DATASET RECORDS:
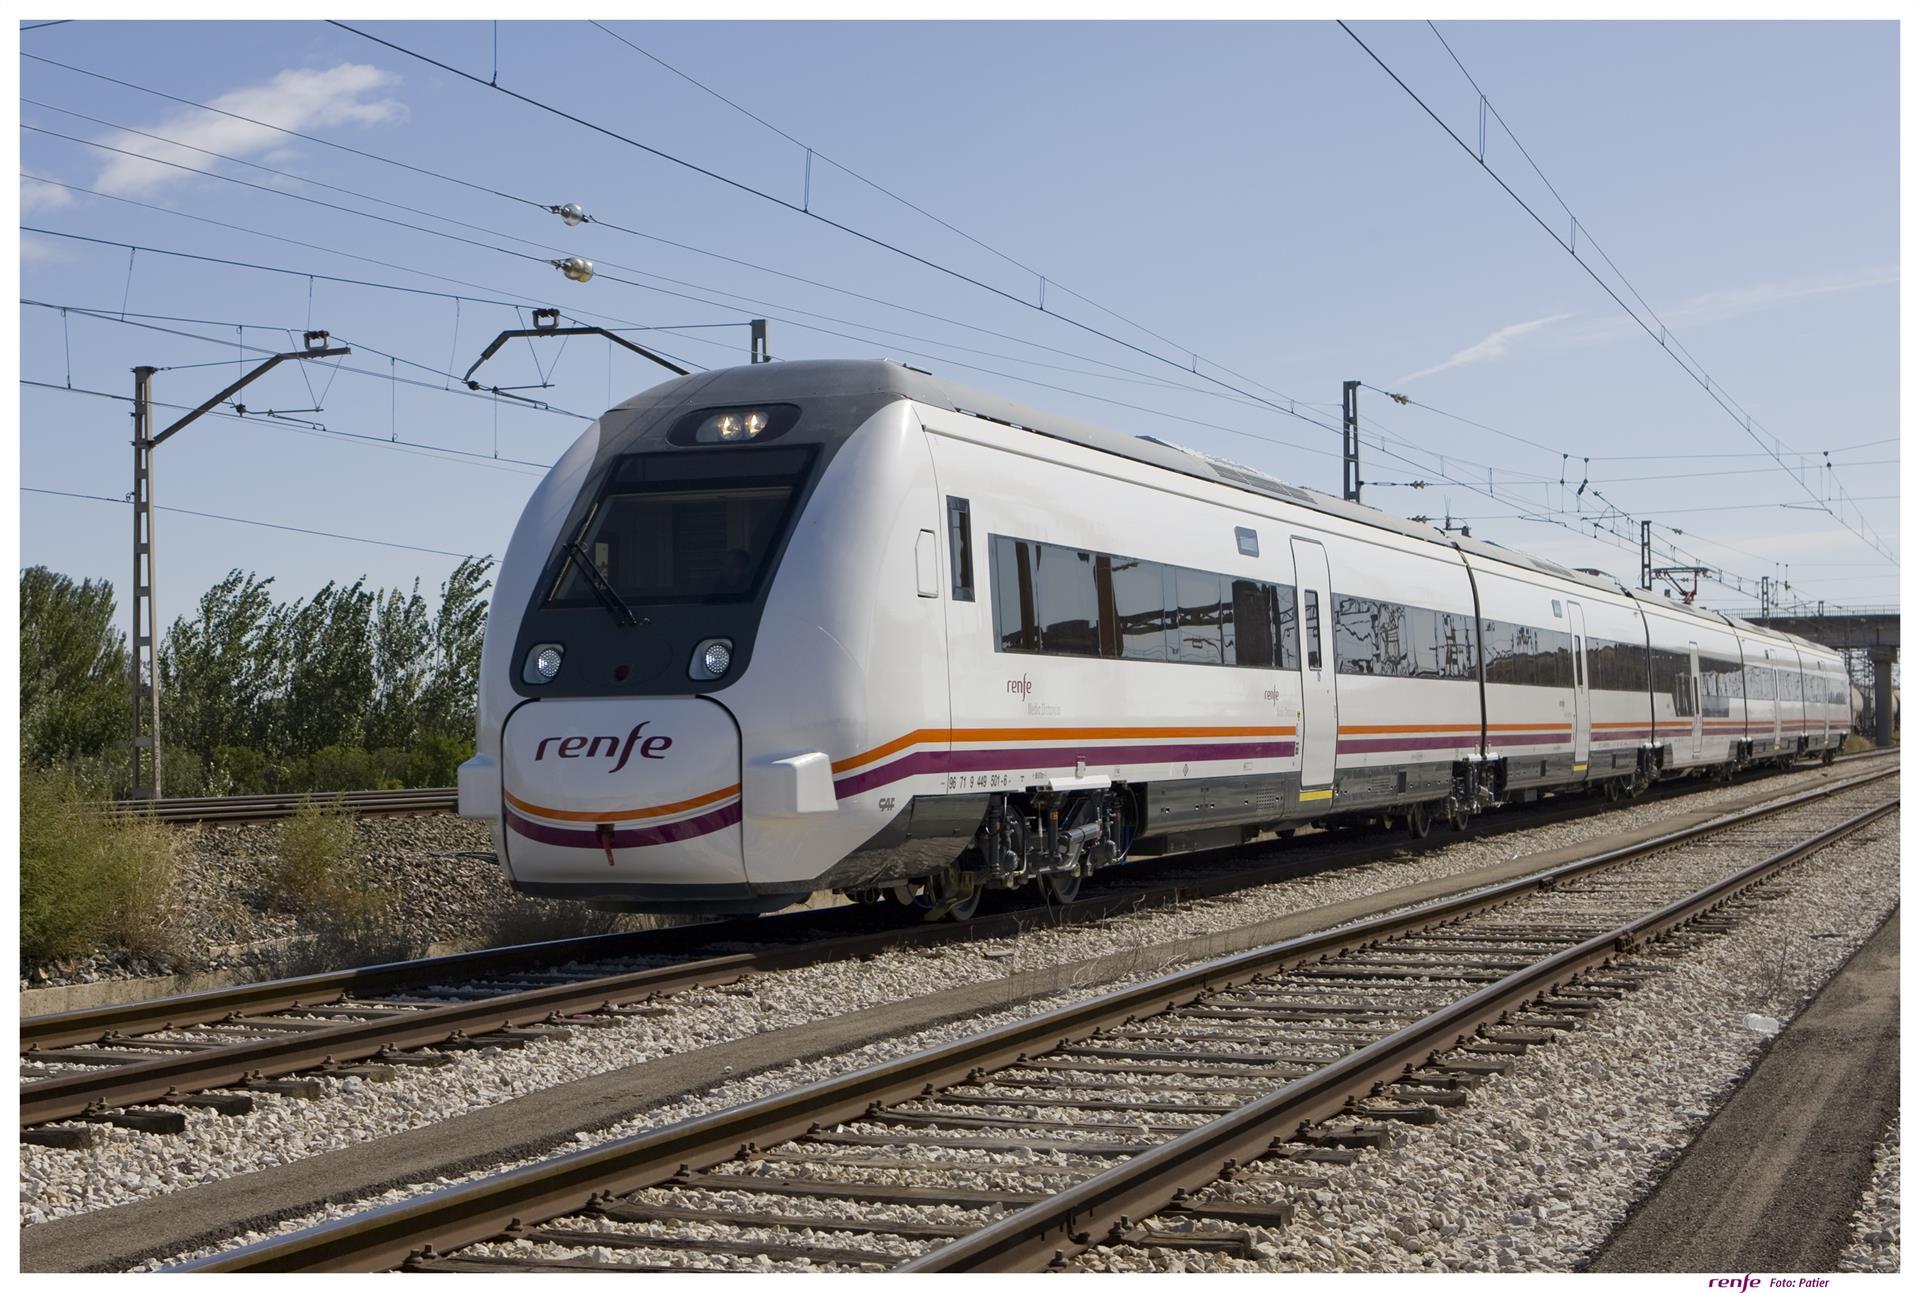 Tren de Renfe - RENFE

...

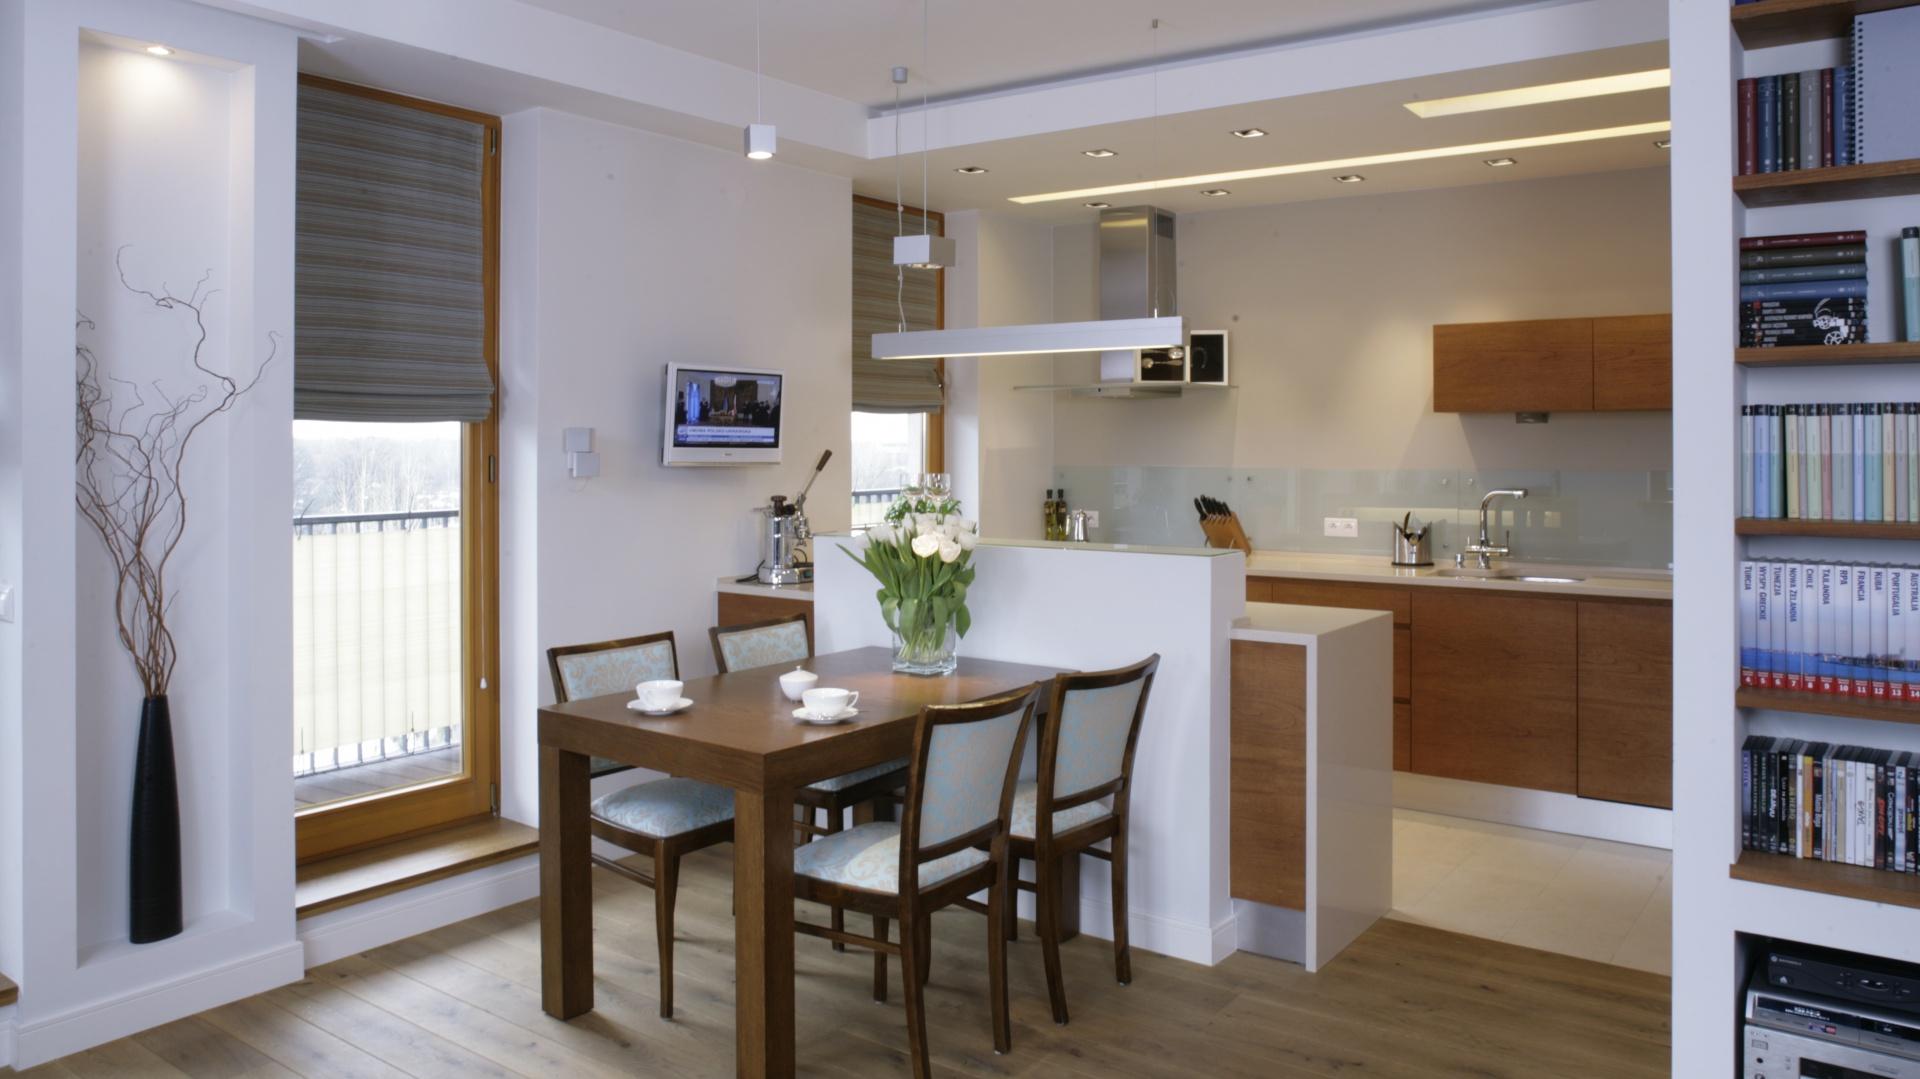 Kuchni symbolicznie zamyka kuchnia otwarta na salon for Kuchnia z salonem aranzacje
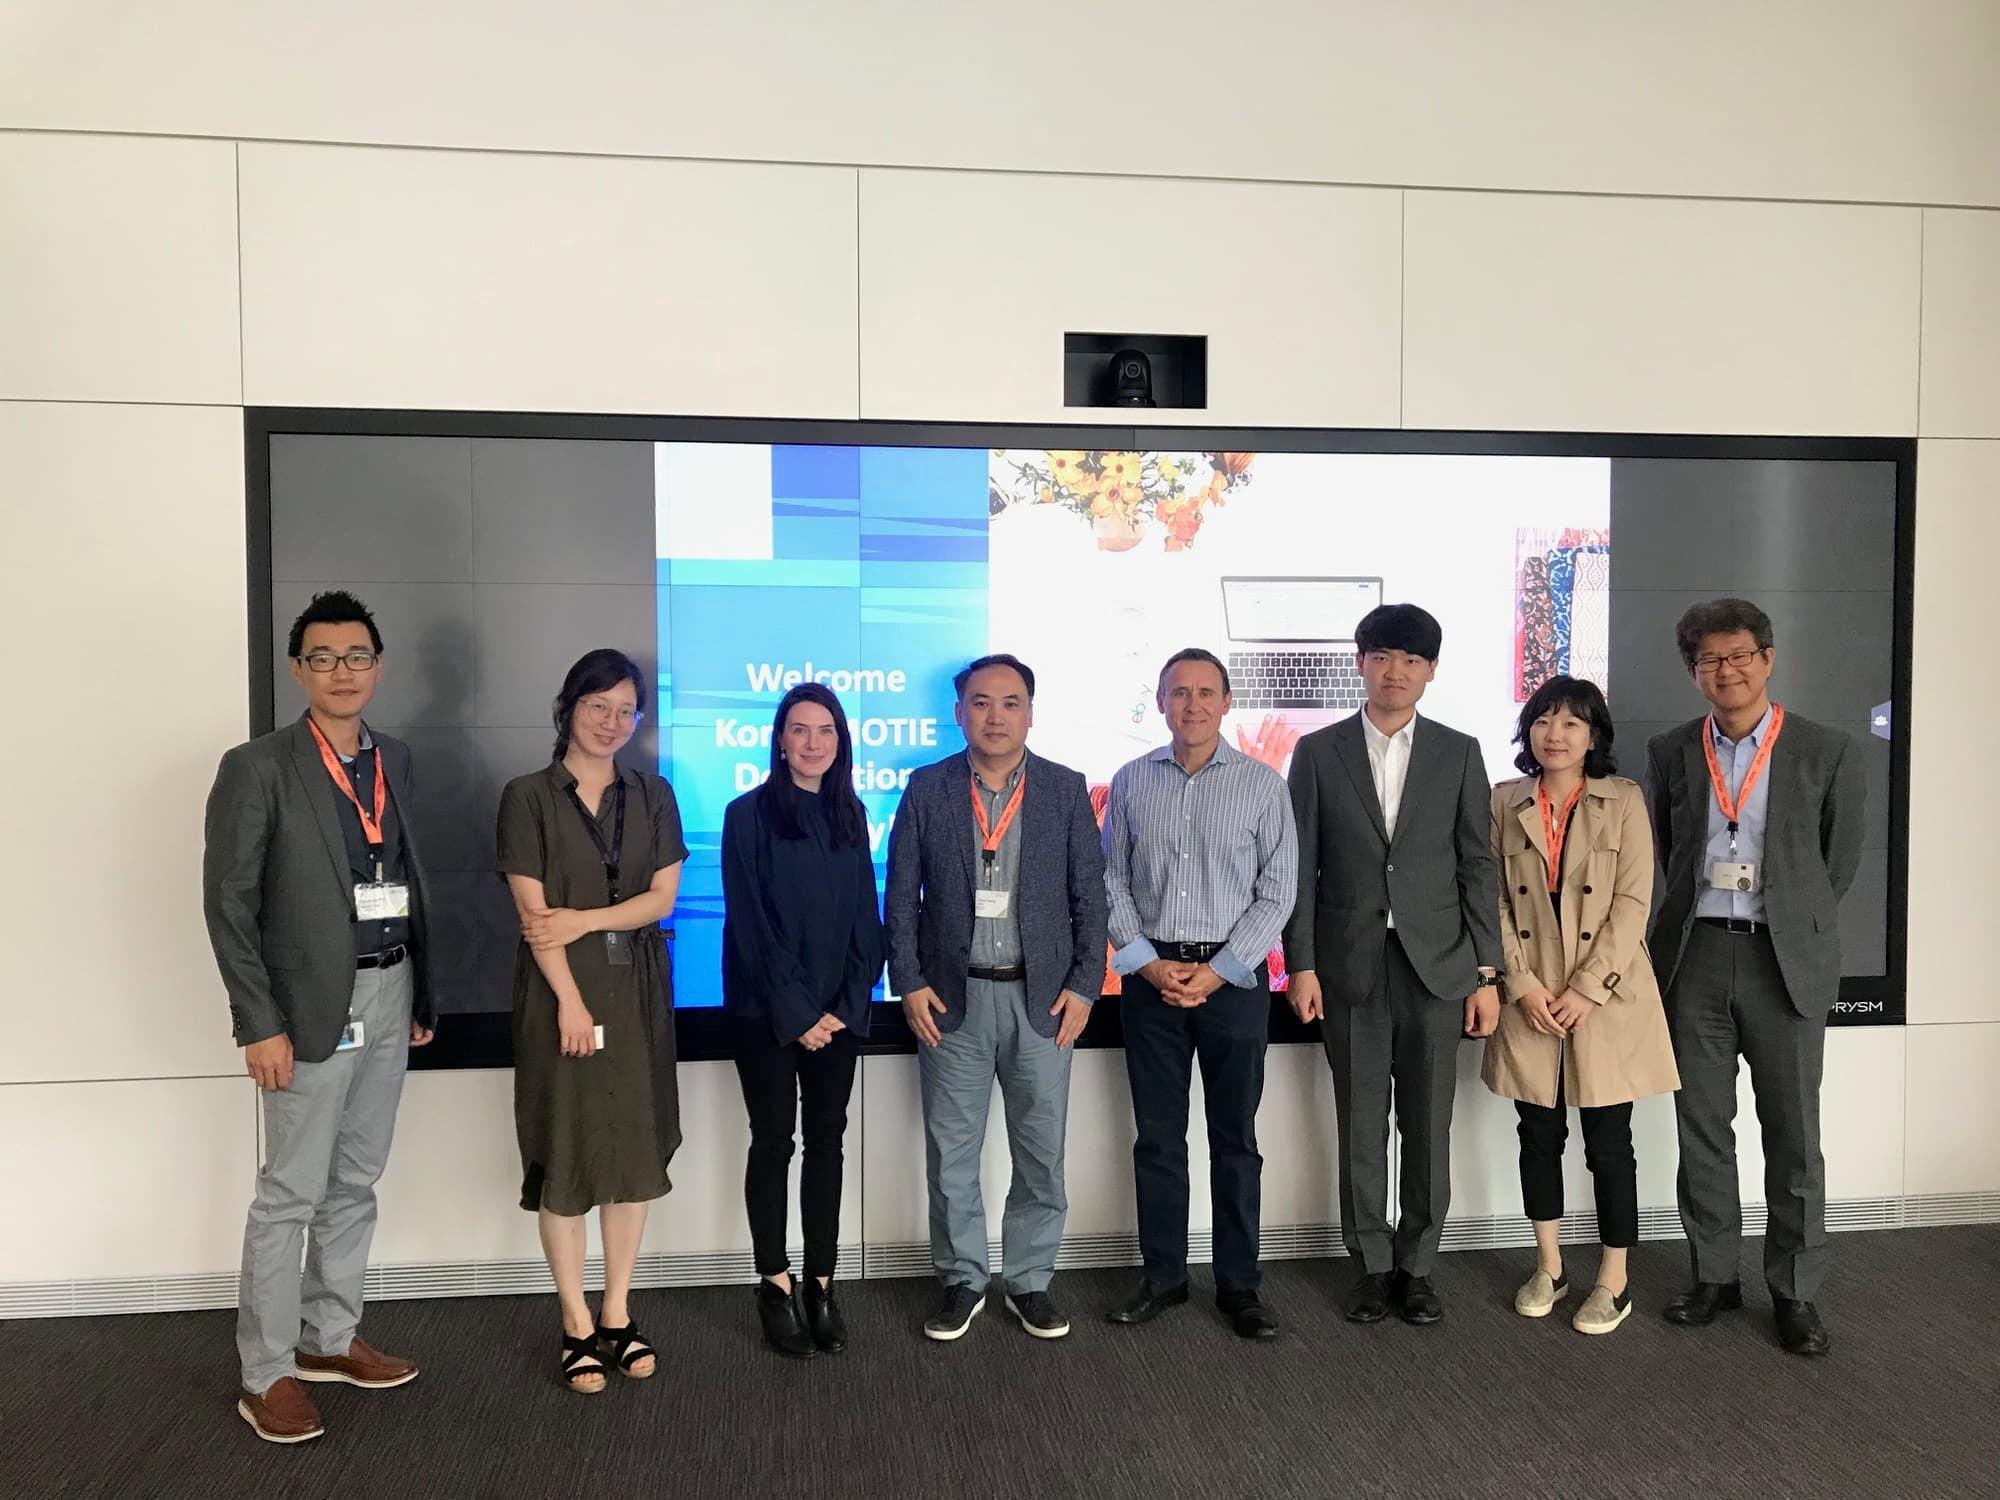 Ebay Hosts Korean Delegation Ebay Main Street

THE PROBLEM: Everything above from the line with "Kuchni symbolicznie zamyka" through the line with "Ebay Hosts Korean" should be retyped exactly, and nothing else; omit pictures.

TASK OUTPUT:
 Kuchni symbolicznie zamyka kuchnia otwarta na salon for Kuchnia z salonem aranzacje
 Ebay Hosts Korean Delegation Ebay Main Street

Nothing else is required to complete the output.